In this guide, I’ll show you how to use Python programming even if you have no prior experience!
We’ll create the following several handy tools:
- tool that scrapes a sitemap file and saves URLs with errors (404, 5xx) to a separate file.
- scraper that extracts <title> and meta description tags from a list of URLs.
- tool that connects to the PageSpeed Insights API to gather performance data about a given page.
- program that performs basic manipulations with a CSV file.

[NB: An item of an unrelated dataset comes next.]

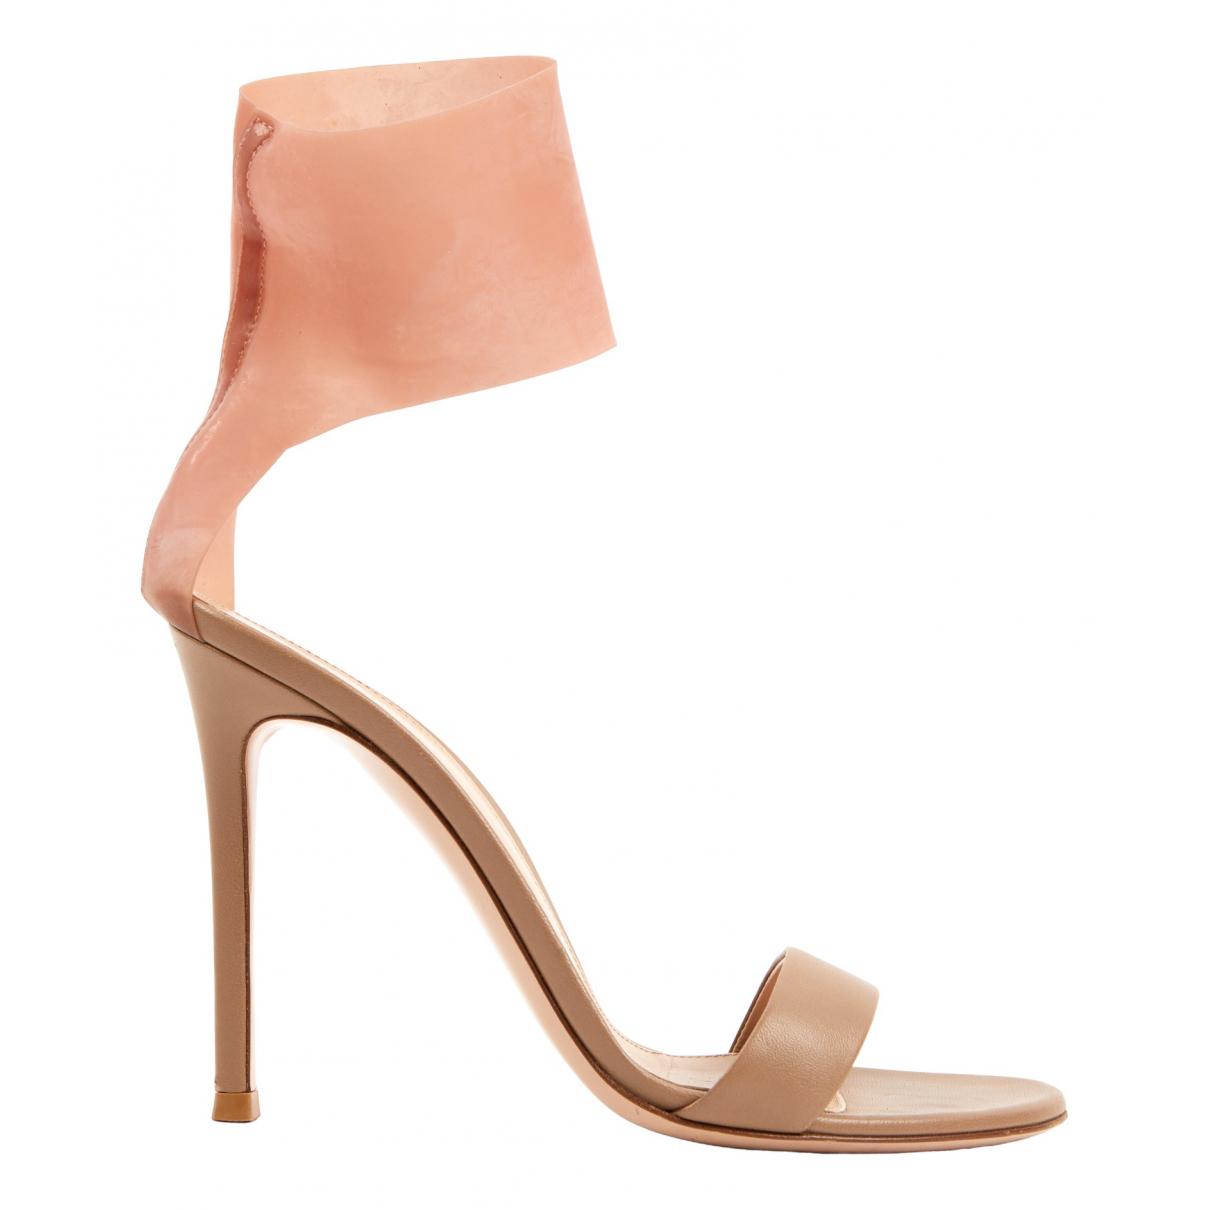 Gianvito Rossi - Sandales   pour femme en cuir - beige

- program that combines data from Google Search Console and Google Analytics.
- handy tool that uses the ChatGPT API and saves the results in a CSV file.
And the best part? You don’t need any prior programming experience! Let’s dive in and get started!
What you need to start programming right away
To run Python programs you need a Python environment. For the purpose of this tutorial, we will be using Google Colab. It’s awesome for three reasons:
- It’s very easy to start. Creating your first Python program in it will take you just a couple of minutes (or a minute, if you’re fast).
- You don’t need to install anything on your computer.
- You can work on the same code with your friends or colleagues. Think of Google Docs but for Python programming. If you struggle with a specific program, you can ask your colleague for help.
But don’t worry we’ll take it step by step.
Here’s the deal!
To ensure your success, you need to follow these guidelines:
- Read the chapter thoroughly, so you don’t miss any crucial steps.
- Encounter a Python error? Ask ChatGPT to fix it.
- No luck? Start a new ChatGPT chat to resolve the issue.
- If ChatGPT struggles with your CSV files, provide more context and a sample line with the data. Explain the file’s structure, columns, and data format.
- In case the Python program crashes, request ChatGPT to add exception handling.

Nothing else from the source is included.